Tuesday 9 August 2016

Back to the beach: Valencia


Valencia: 2/08/16-9/08/16

Following an incredible time in Castellar del Valles, where we experienced hospitality like we'd never known before, we headed to Valencia via Barcelona. Like in every other public transport station we'd been to in Spain nobody in Barcelona train station seemed to have any clue as where and when to wait and go and so by standing and staring at the departures board in total confusion we incidentally formed a long queue of other confused passengers behind us. The journey itself was magnificent, a smooth quiet high speed train journey that hugged the Mediterranean coastline almost the entire way, what a view!

Forming an orderly queue
Valencia as a city has an excellent combination new and old with (more) sprawling, narrow streets in the old town walls and a riverbed converted into a garden which runs the length of the city towards a very modern attraction park and harbour and thanks to Alberto, my friend and former housemate, who comes from Valencia and as such gave us an extensive list of things to see and places to visit.
Excited to be here

Having had my first taste of swimming in the Med in Tarragona before being pulled away from it for a few weeks I was eager to get back to it now that we were once more on the coast. We were also aware that this would be our last chance to swim before Goa in India which was well over a month away. However getting to the beach from our cosy little BnB was no easy task. Not wanting to get the metro and a tram into the city (something we did on the following occasion) we set out to walk the distance. By google maps' reckoning the journey was a chilled 2km walk down a small country road which lead right to the beach. The realty however found us being beaten into the tarmac by the midday sun while attempting to navigate and dodge speeding Spanish drivers who had just veered off a motorway and onto our narrow pavement-less country path lined on either side by irrigation ditches. After much hesitation we reached our sandy destination just about in one piece and it was without doubt worth it. The soft sandy beach ran for miles in either direction and despite us arriving near a hotel resort it was surprisingly bereft of people. What more could you want? We sat, we swam, we slept, we sizzled.
Mum and Dad who had visited Valencia a few years before us had insisted that we should explore the city by bike and they were right to be so insistent. We hired a couple of (very hard saddled) bikes for the day and set off. We started in the park to the north of the city and followed it round to the south stopping at various points to admires the sites. Coasting along the paths, weaving through trees, other cyclists and kids playing football


Science museum or Trumps hair?
with the breeze on our faces...whilst still sweating bollocks buckets! We reached a complex of very modern buildings including an aquarium, science museum and an empty opera house which I still think looks like caricature of Donald Trump's head and hair (in fact that's probably why it's empty). It was when we were exploring this area that we encountered our first hoard.

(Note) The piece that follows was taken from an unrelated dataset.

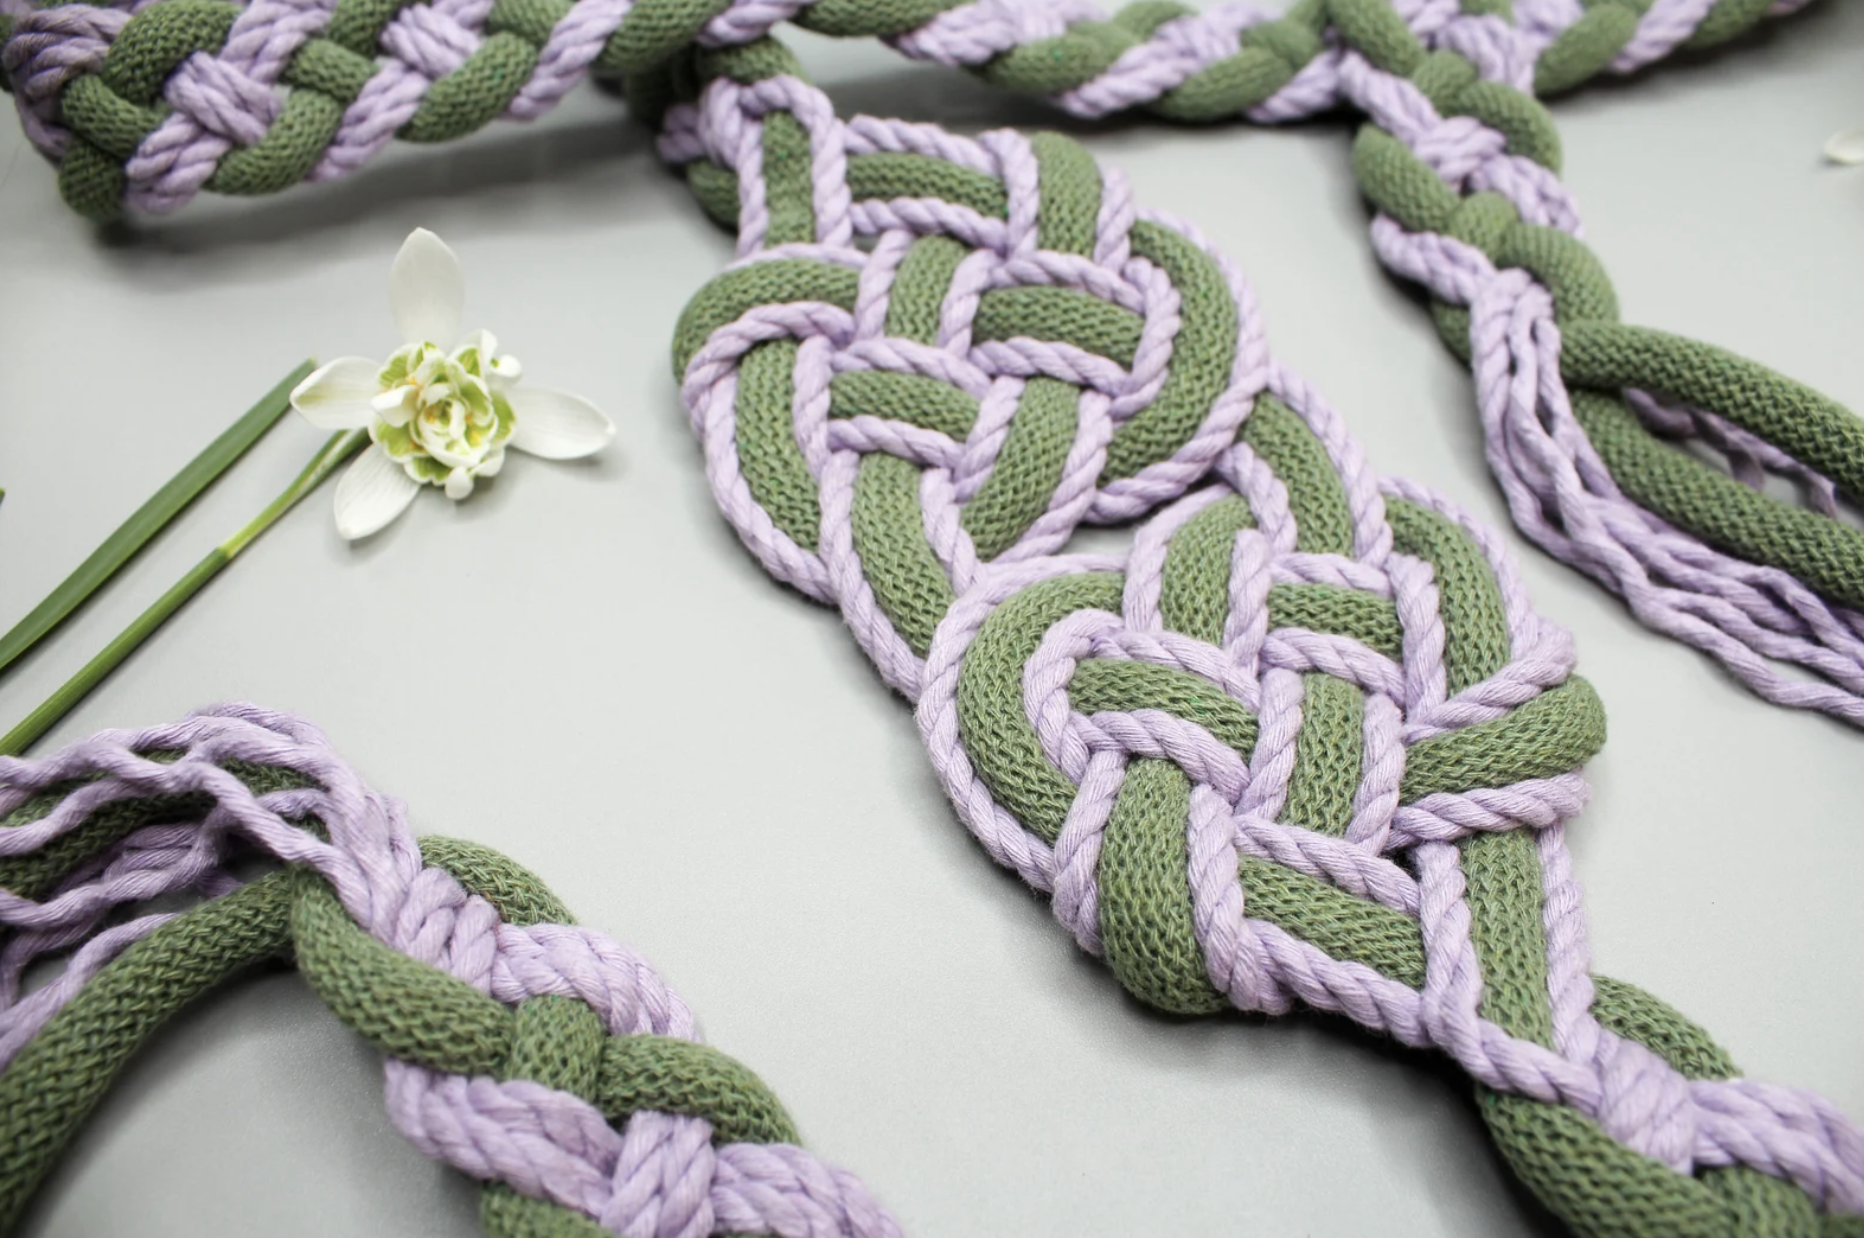 Meaning and symbolism of handfasting knots — Ceotha - handfasting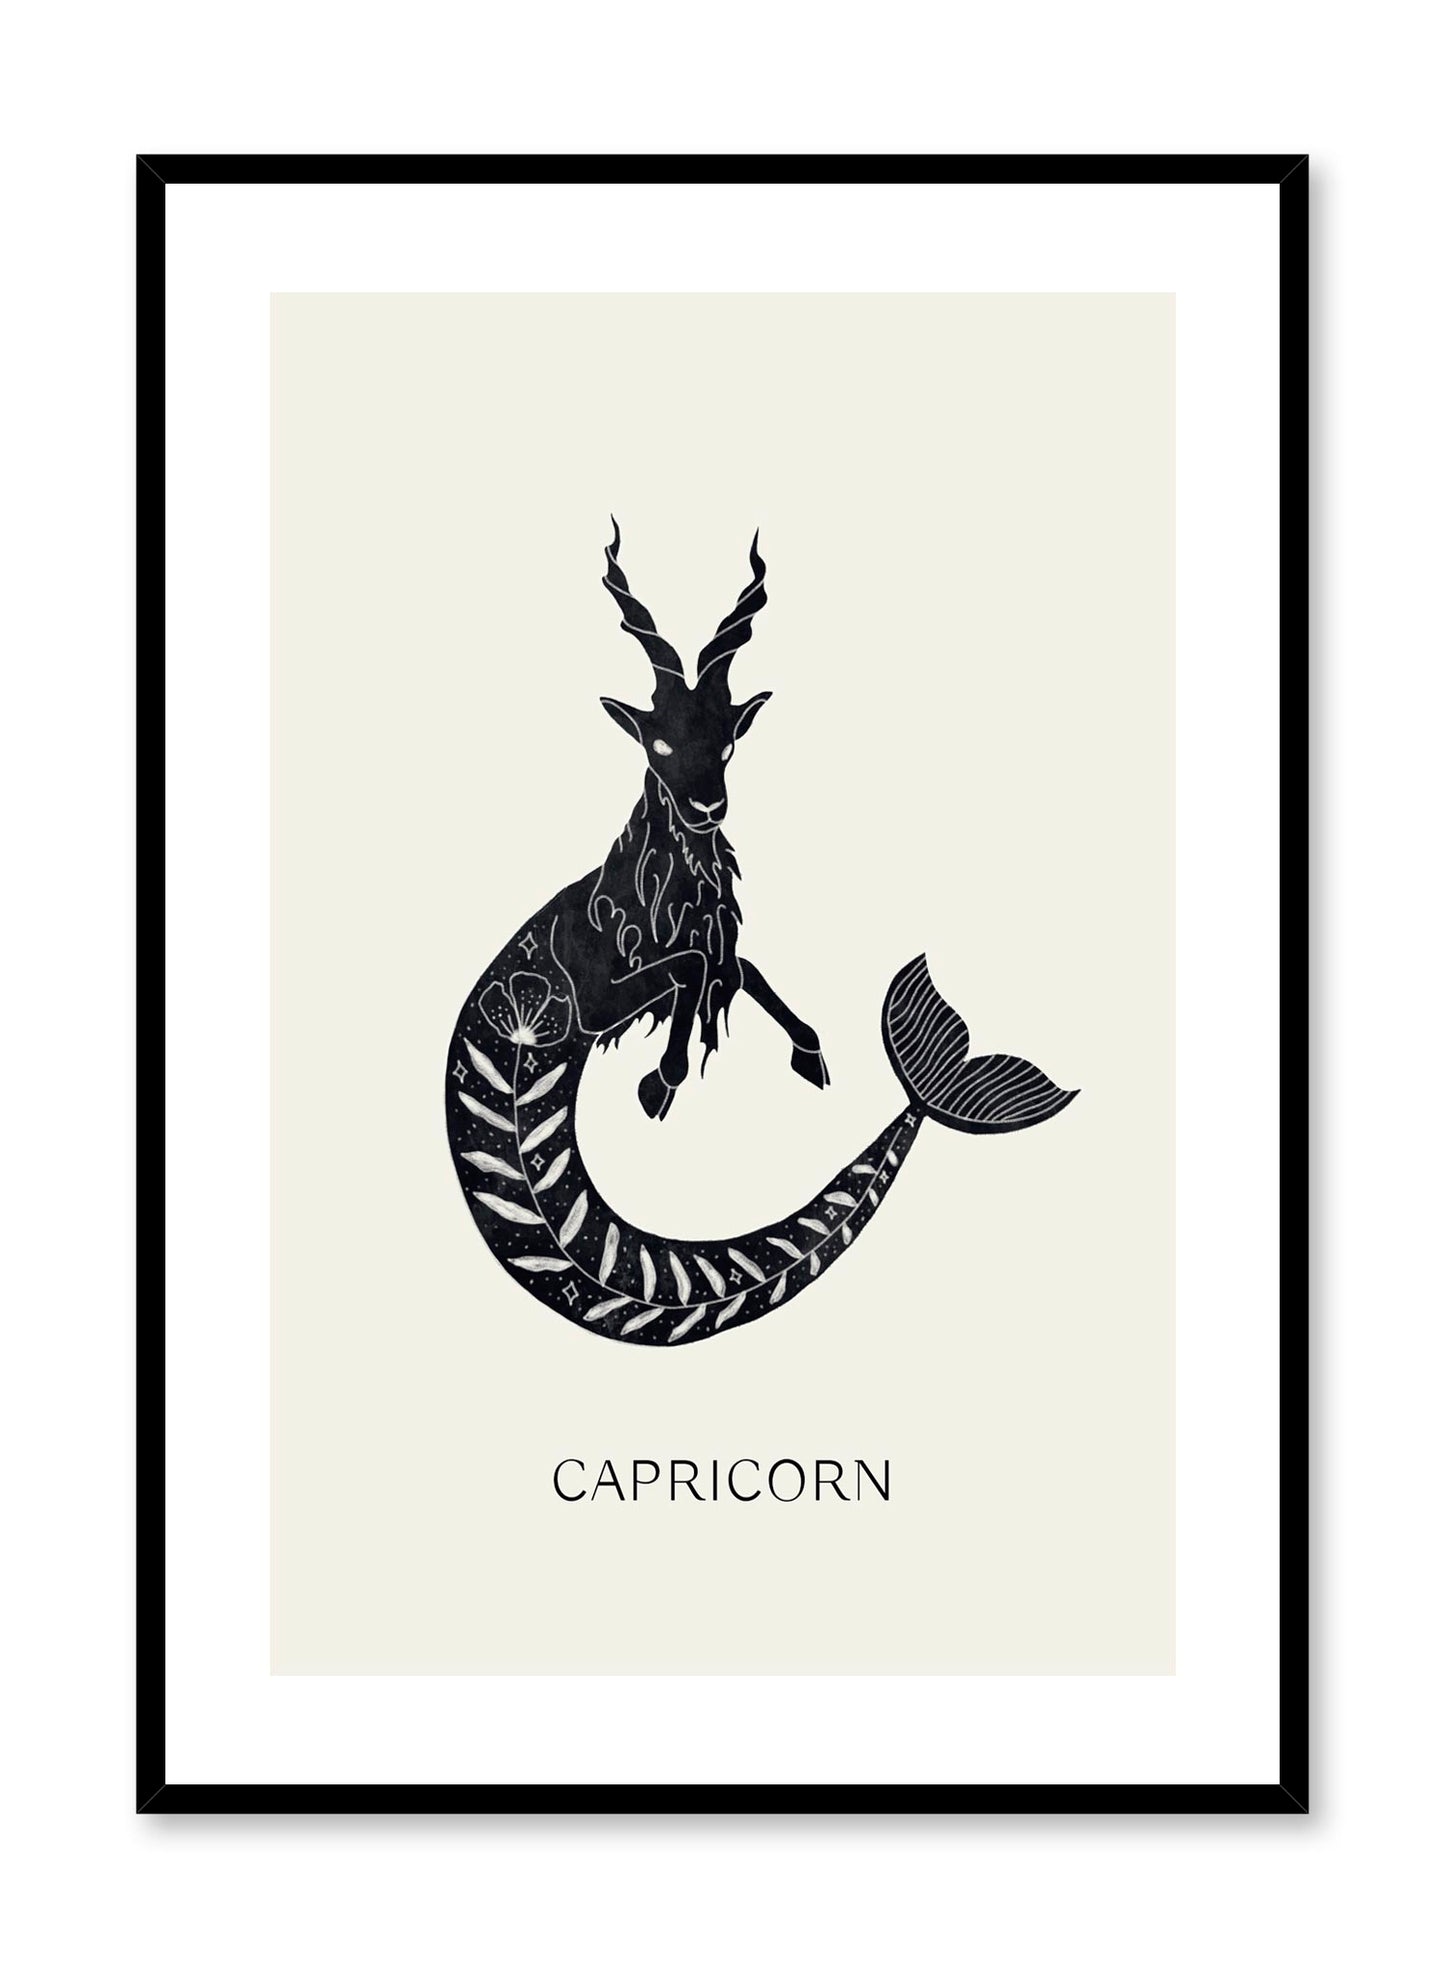 Celestial illustration poster by Opposite Wall with horoscope zodiac symbol of Capricorn

Up until this point in time we had seen a few of them roaming about the streets of Spain, Pamplona, Tarragona, Barcelona, everywhere we'd been we'd spotted them. You could tell them a mile off by how they moved but it had only ever been one of two of them at a time, not this like. Never like this. Wondering around this complex of building we came across the hoard, a huge mass of children, teenagers and young adults. At first it looked like a school trip until we got nearer to them. Standing completely still and in dead silence, failing to look forward or communicate at all with their surroundings. Pokemon Go really was popular!!

We headed for the beach and spent a few more hours swimming and sunbathing before going in search of a cafe which Mum and Dad fond memories of. All we had to go on was a photo of the place and doing so our best Sherlock Holmes impressions we cycled around the port matching clues from the photo to our surroundings. Eventually finding the location of this cafe, we were gutted to find it a shell of it's former self. The entire place had been gutted; all that remained was it's shell.

We've come across a few towns with canals and waterways running through them and attached to these towns we've invariable heard someone dub them "Venice of the North/East/South/West". Port Saplaya was no different. The little beach and port area along the coast to the north of the city had a small series of canals forming the boat park for the local residence. Calling it Little Venice is perhaps a little grandiose but it was admittedly very beautiful; terraced rows of brightly coloured houses all crammed in and sitting just metres from the water's edge.


Everything we had encountered in Valencia and Spain in general - from food to people - had been excellent that was until we encountered Horchata. We had had a quick taste of this whilst in Castellar and our memories from that sample were fond ones. We were however horrified to discover that Horchata, the drink local to Valencia (made from tiger nuts) was in it's true original form utterly nasty, the taste of which still haunts Sarah's palette to this very day. From our arrival in the city we had been meaning to sit down and have a glass from a Horchateria and it wasn't until the morning of our final day in Valencia (before we left for the bus) that we sat down and bought ourselves some. Needless to say we couldn't empty our glasses and the taste stayed, cloying in our throats all the way to Granada.